§ WHAT IS REQUIRED
Set down, character for character, everything in the records below from the line holding "Technique mixte sur toile" down to the line holding "#artcollectorsworld #artcollector #artcollectors", and no other line.

§ DATASET ENTRIES
##############################

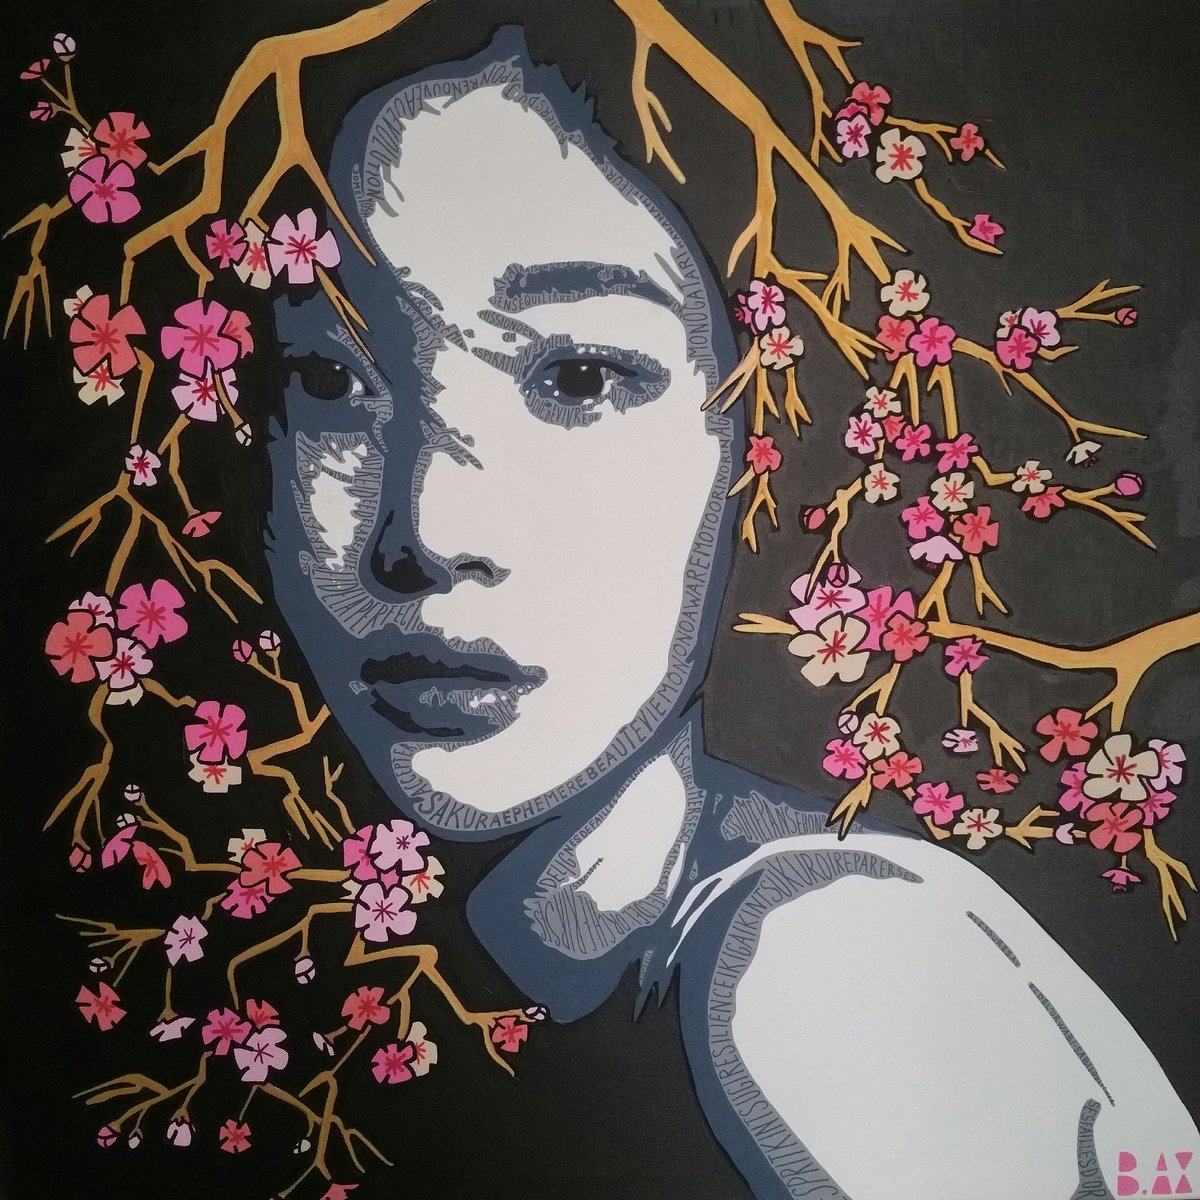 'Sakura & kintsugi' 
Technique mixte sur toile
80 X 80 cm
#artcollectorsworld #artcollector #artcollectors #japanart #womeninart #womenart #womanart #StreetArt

##############################

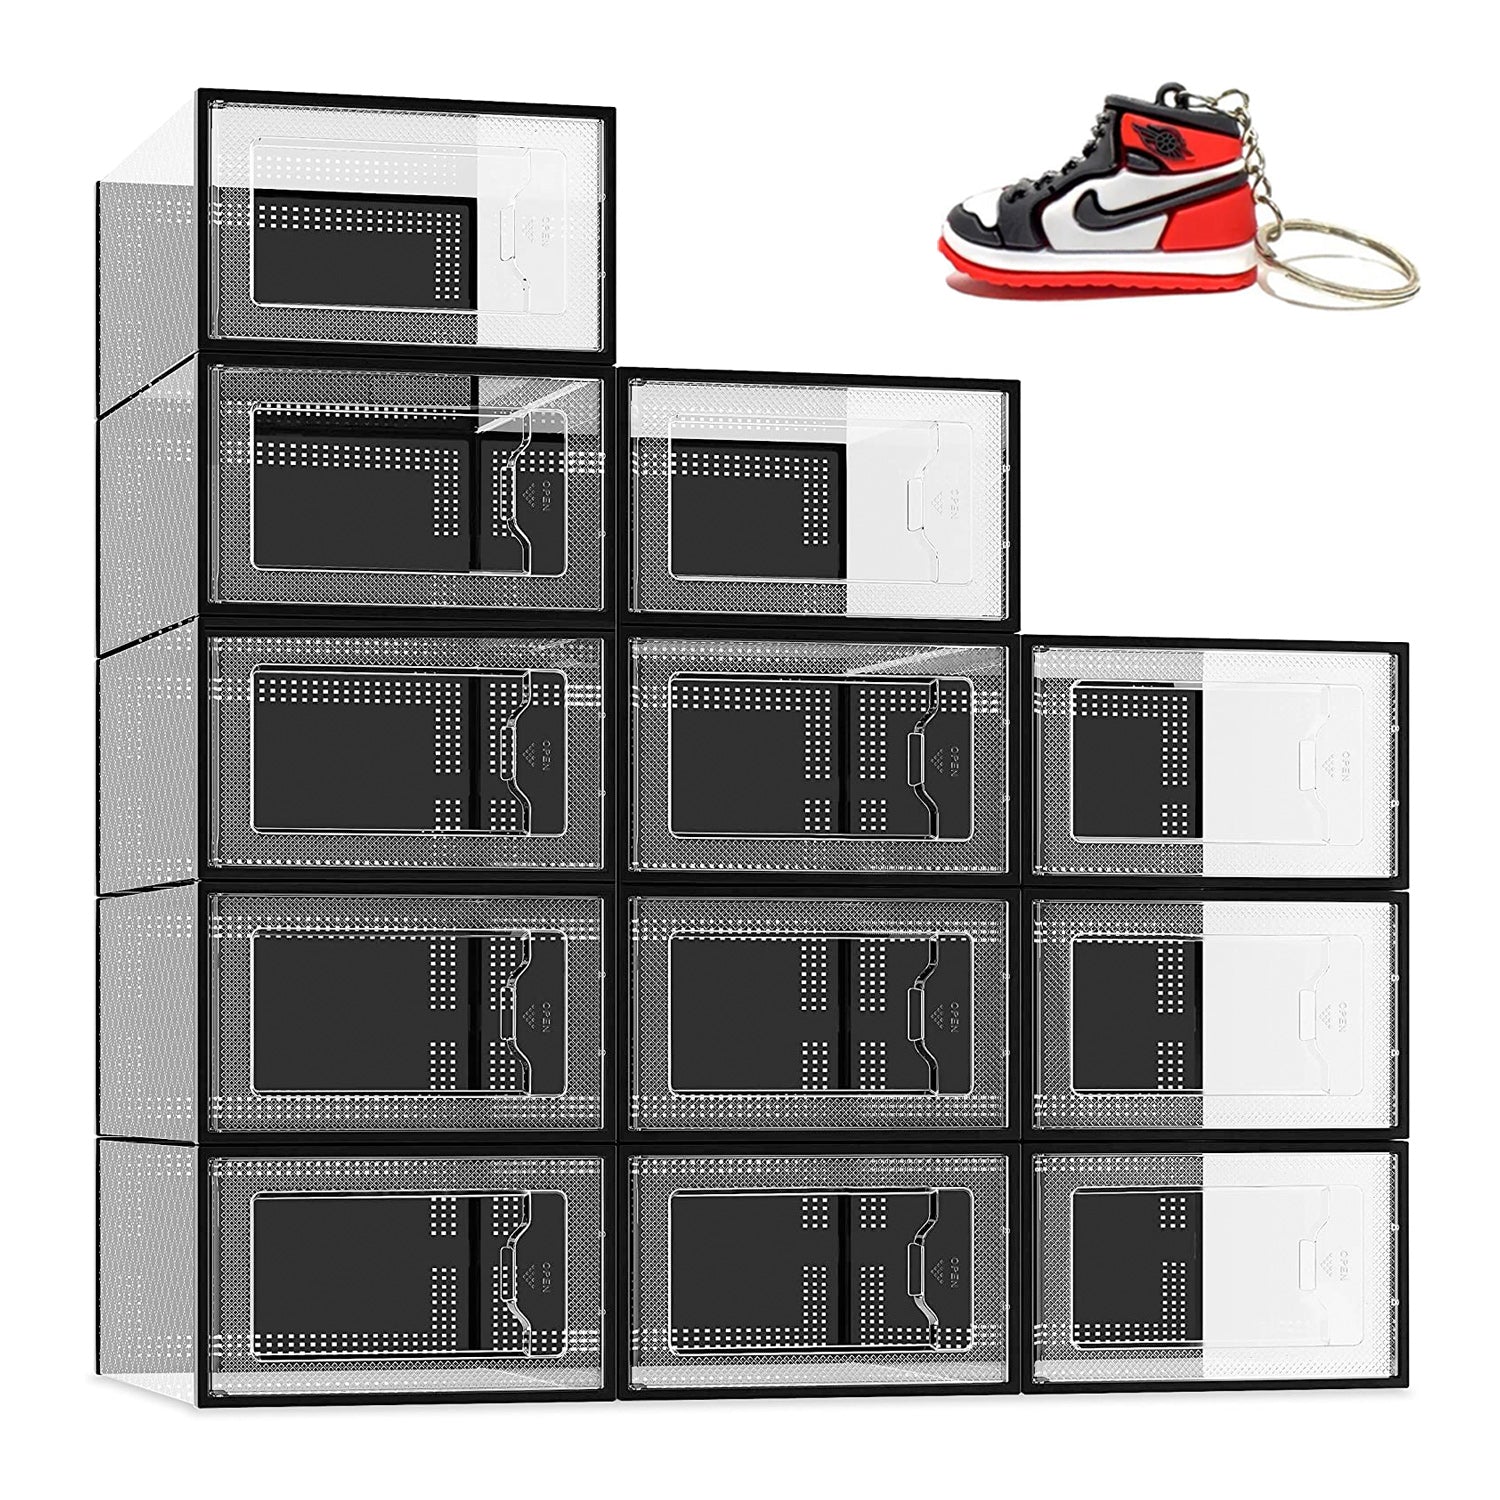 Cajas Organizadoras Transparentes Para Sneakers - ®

##############################

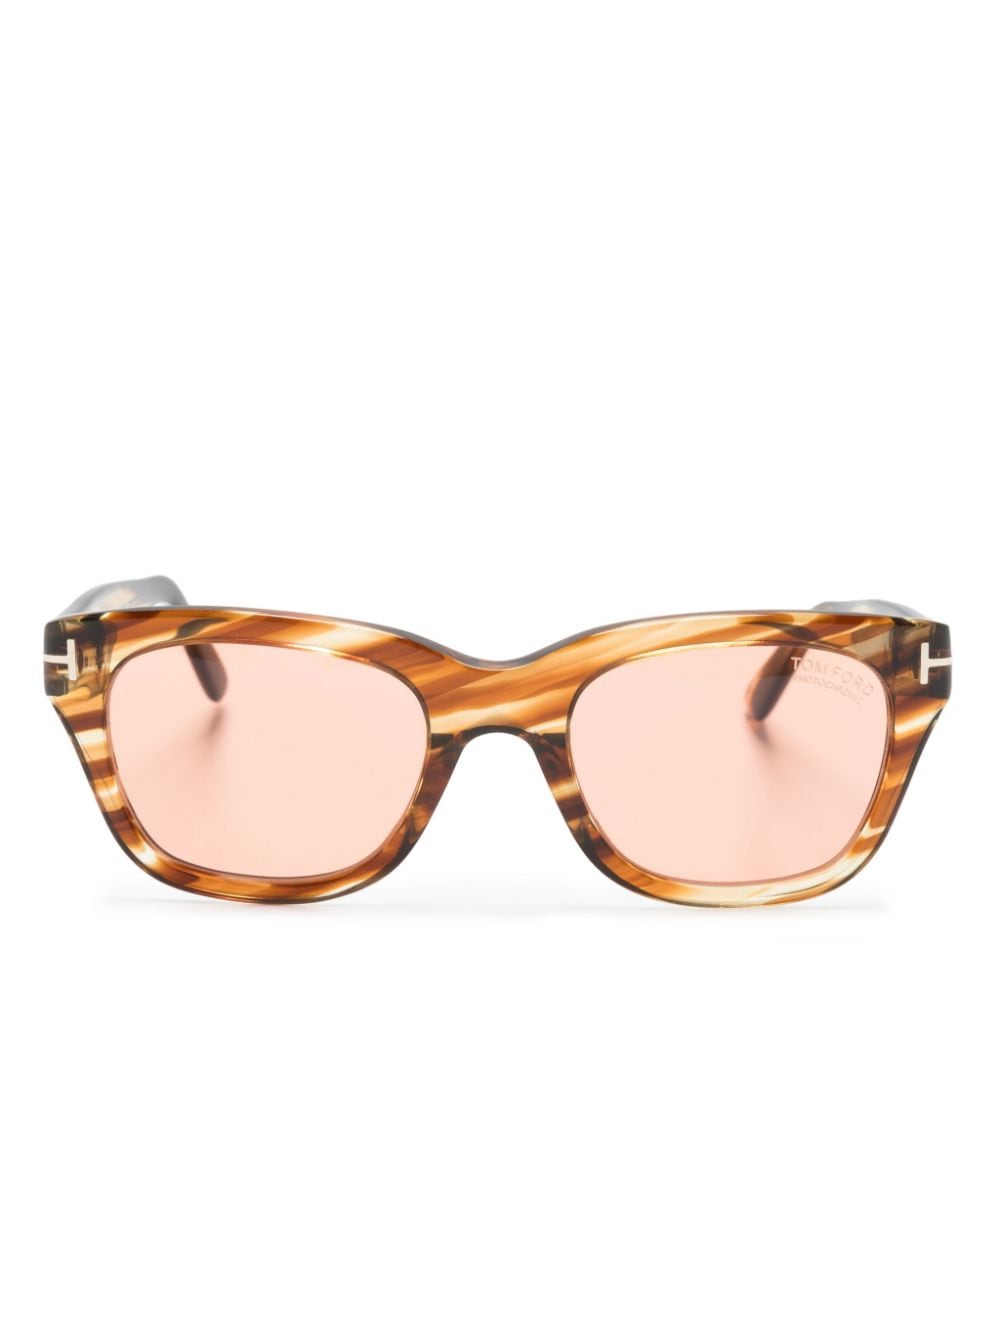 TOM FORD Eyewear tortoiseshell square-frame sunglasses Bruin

##############################

§ SOLUTION FOR THIS EXERCISE
Technique mixte sur toile
80 X 80 cm
#artcollectorsworld #artcollector #artcollectors #japanart #womeninart #womenart #womanart #StreetArt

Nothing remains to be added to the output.